Prison vote law breaches human rights - judge

6:59 am on 25 July 2015

A High Court judge has found a law that prohibits all prisoners from voting breaches their human rights.

Arthur Taylor in the High Court at Auckland.

Arthur Taylor (left) during the prisoners' voting case in the High Court at Auckland Photo: RNZ / Kim Baker-Wilson

The ruling is a victory for career criminal Arthur Taylor, who has been fighting to give prisoners the right to vote since a 2010 law took it away from all inmates, no matter how long their sentence.

At the time the legislation was being considered, the Attorney-General warned Parliament that a blanket ban contravened the Bill of Rights, but the law was passed anyway.

Now Justice Heath has made a formal declaration that the law is inconsistent with the Bill of Rights and is unjustified.

Under New Zealand law, Parliament can pass legislation that is inconsistent with the Bill of Rights if there are justifiable grounds for doing so.
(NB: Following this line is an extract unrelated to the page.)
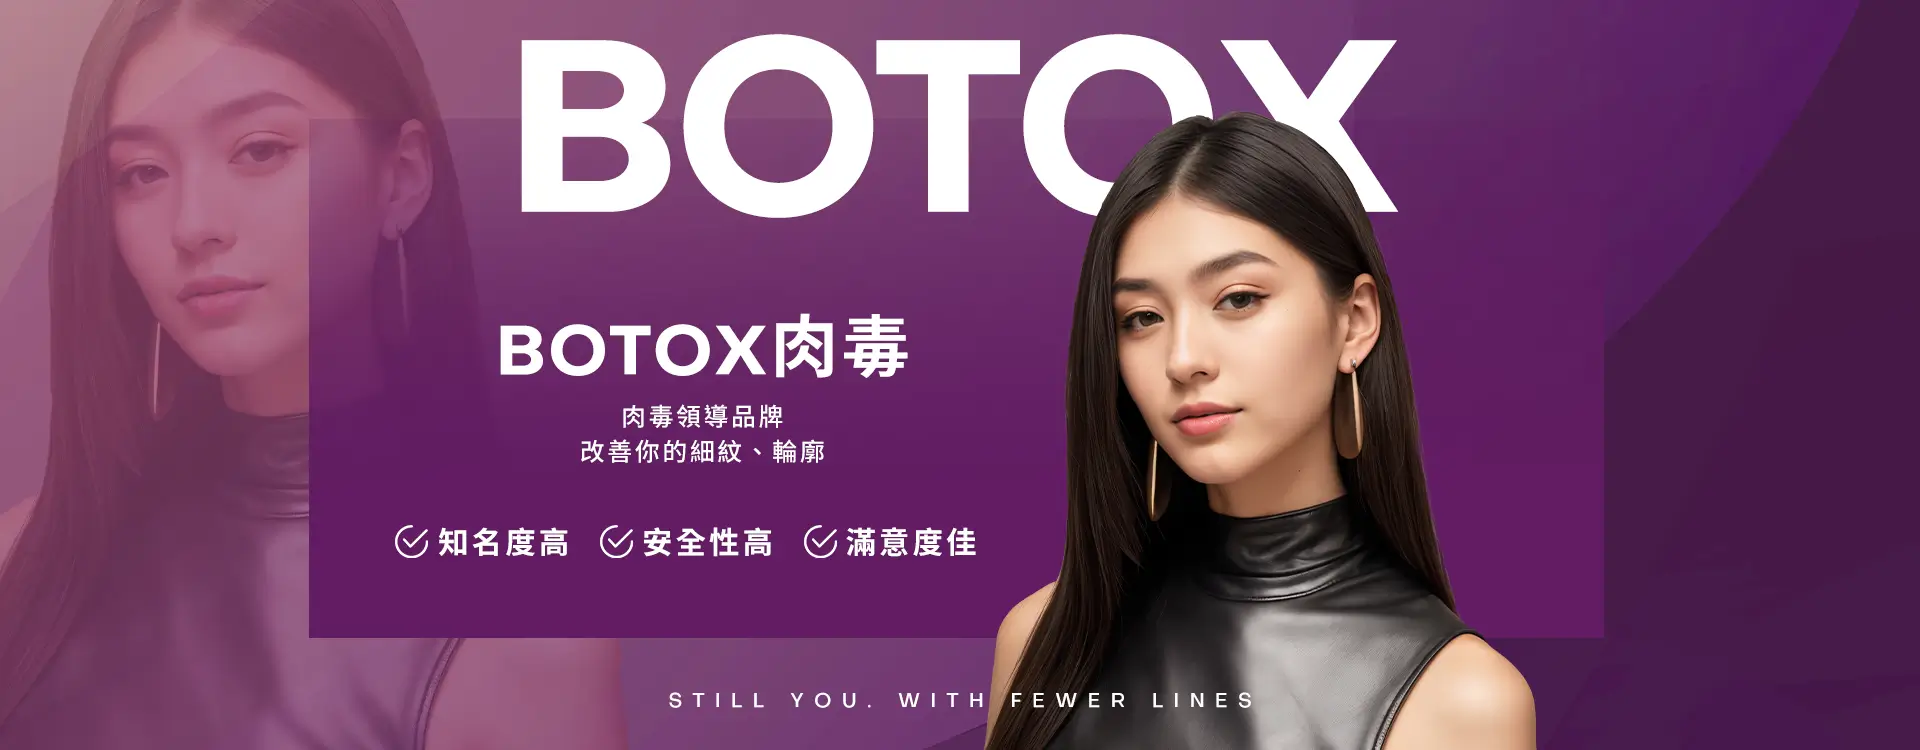 Botox肉毒-肉毒領導品牌改善你的細紋、輪廓

However, Justice Heath found that the law was full of inconsistencies and would lead to arbitrary outcomes.

One example he gave was home detention, where the person would keep their right to vote, whereas a person sentenced to the same amount of time in prison would be disenfranchised.
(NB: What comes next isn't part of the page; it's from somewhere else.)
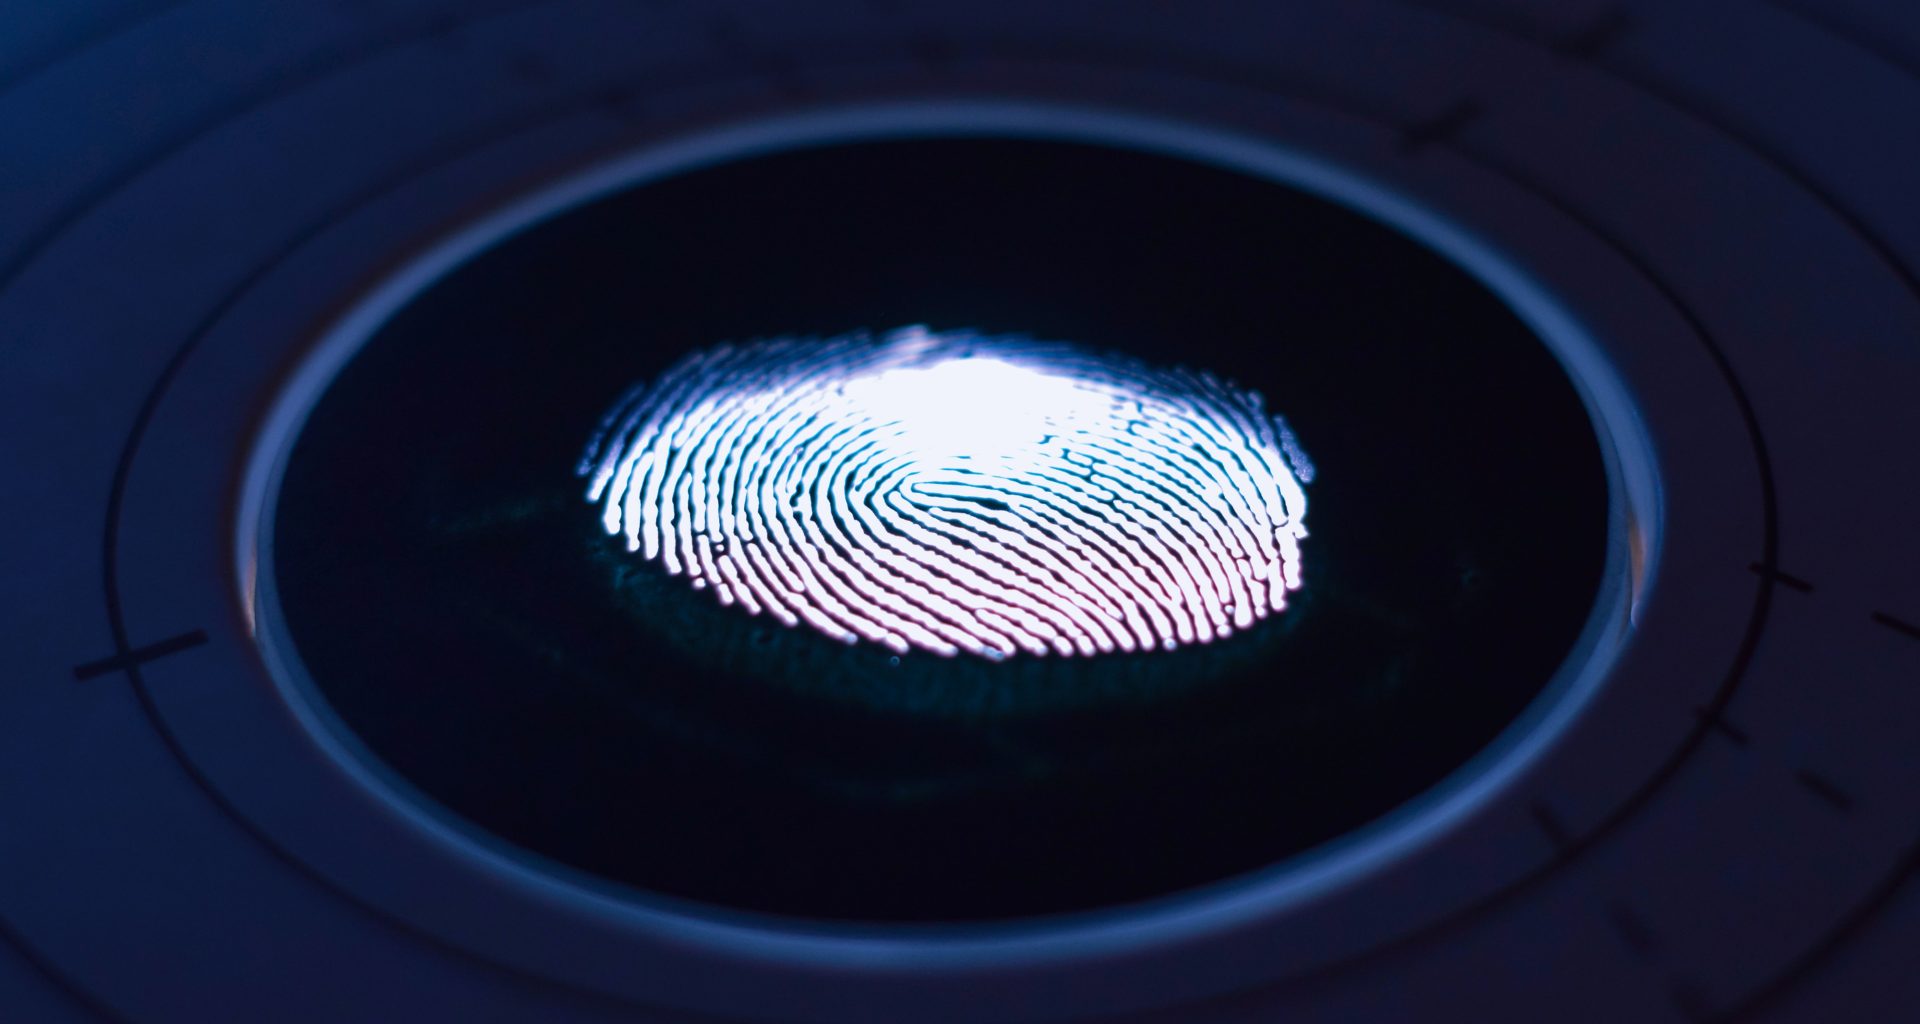 Image of a fingerprint scan

Voting was one of the most fundamental aspects of a democracy, Justice Heath said.

"The purpose of a formal declaration is to draw to the attention of the New Zealand public that Parliament has enacted legislation inconsistent with a fundamental right."

In a recorded statement sent to Radio New Zealand, Arthur Taylor said he was "rapt" with the court ruling.
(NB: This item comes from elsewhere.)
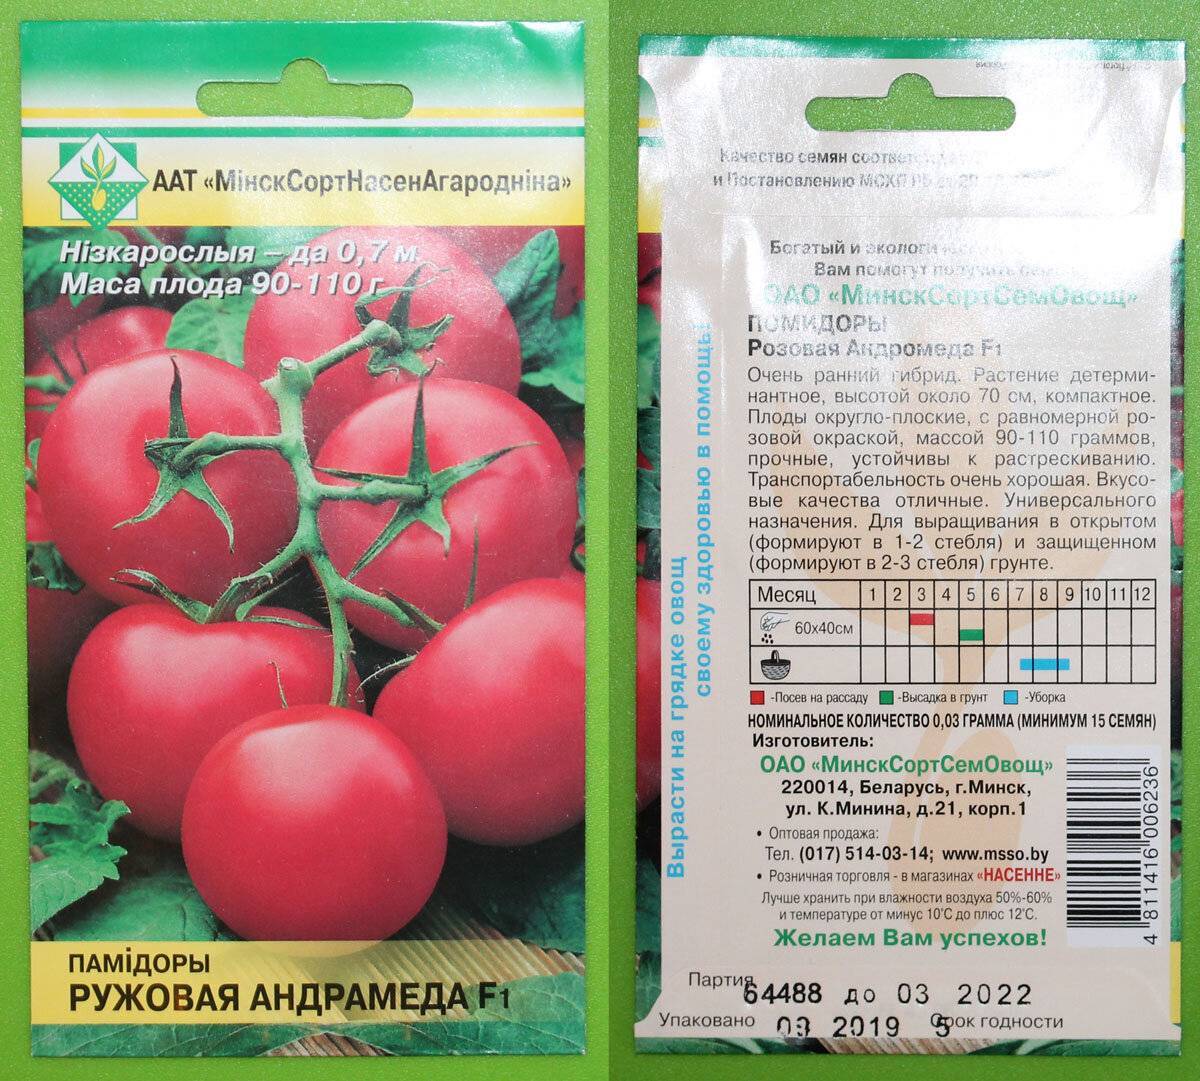 Отзывы огородников о томатах красным красно f1

"His Honour Justice Heath's very courageous decision strikes a strong blow for the rule of law, not only for prisoners, but all other New Zealanders, in upholding their fundamental rights against even the Parliament," he said.

Decision a moral signal

A professor of law at Otago University, Andrew Geddis, said Parliament was not legally obliged to reconsider the legislation.

However, the declaration was a strong moral signal to do so, he said.

"It's the first time that the court has used the Bill of Rights Act to send a direct message back to Parliament, to say ... that a law that Parliament has passed is just unjustified.

"It's a bad law, so even though it still exists and has to be applied, it's not a good one," Mr Geddis said.

An earlier High Court judgment had already criticised the law as "constitutionally objectionable".

Justice Ellis ruled last year that she could not overturn the ban because it had been lawfully passed by Parliament.

But she used her court judgment to spell out in detail the various criticisms of the law, and wrote that Taylor was "not some vexatious voice in the wilderness" on the issue.

"I think it is important to record that there is considerable, and considered, support for the position he is advancing."

The Greens and Labour were among those calling last night for the ban to be reconsidered.

A spokesperson for Justice Minister Amy Adams, said the minister was still considering the judgment.

"But it's worth noting that, as the judge has stated, the finding that a piece of legislation breached the Bill of Rights Act does not invalidate the legislation."